Abstract [ Reference]
In multi-class classification supervised machine learning, the label represents one of multiple possible classes.
- Usually, the labels are mutually exclusive.
- In multi-label classification models, there may be more than one valid label for an observation.
- Follows the same train > iterate > evaluate process as regression and binary classification.
- Examples:
- The specifies of penguin based on its physical measurements.
- The genre of a movie based on its cast, director and budget.
Training Multi-class Classification Models
Use an algorithm to fit the training data to a function that calculates a probability value for each possible class.

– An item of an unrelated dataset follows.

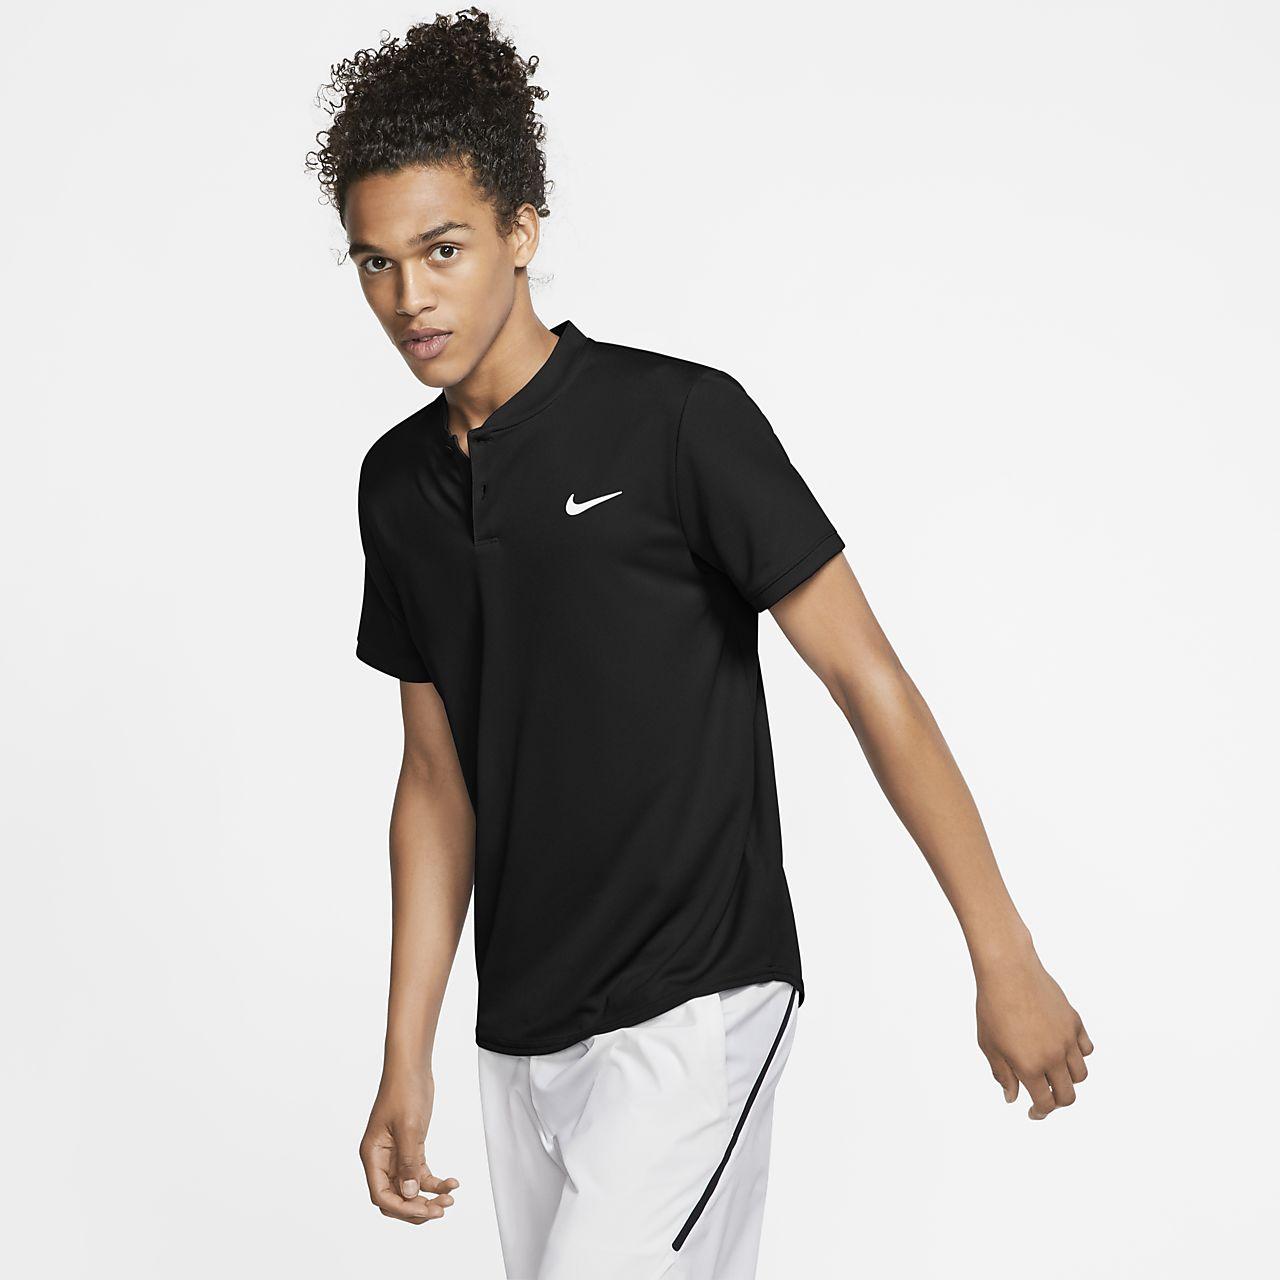 NikeCourt Dri-FIT Herren-Tennis-Poloshirt

One-vs-Rest (Ovr) Algorithm
A binary classification function is trained for each class:
- $f^0(x)=P(y=0 | x)$
- $f^1(x)=P(y=1 | x)$
- …
That function — a sigmoid function — calculates the probability that the observation is an example of that class.
Multinomial Algorithms
These algorithms create a single function that returns a multi-valued output.

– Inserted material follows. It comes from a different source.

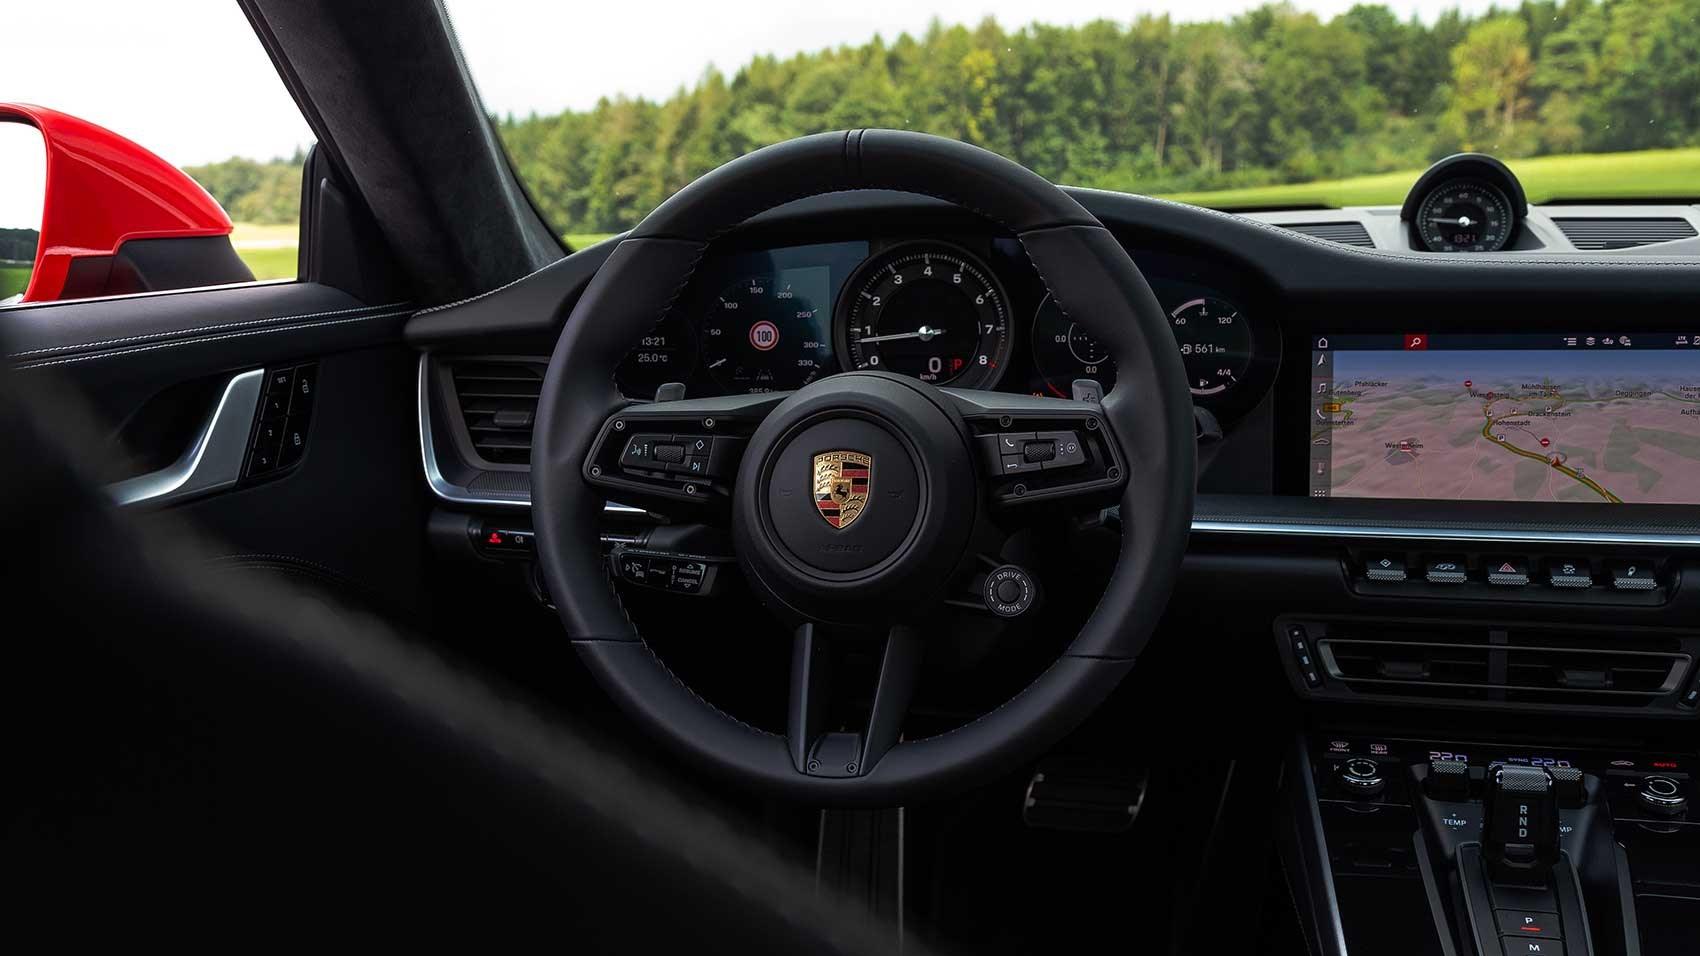 Porsche 911 Carrera 2 interior (new 992 generation)

- The output is a vector (array of values) that contains the probability distribution for all possible classes with a probability score for each class:
- $f(x)= [P(y=0|x), P(y=1|x), …]$
- In the resulting vector (for example, $[0.2, 0.3, 0.5]$) the elements represent the probabilities for class 0, 1, 2 and so on.
- An example of such a function is the softmax function.
Multi-class Classification Model Evaluation Metrics
Multi-class classification models are evaluated calculating binary classification metrics for each individual class.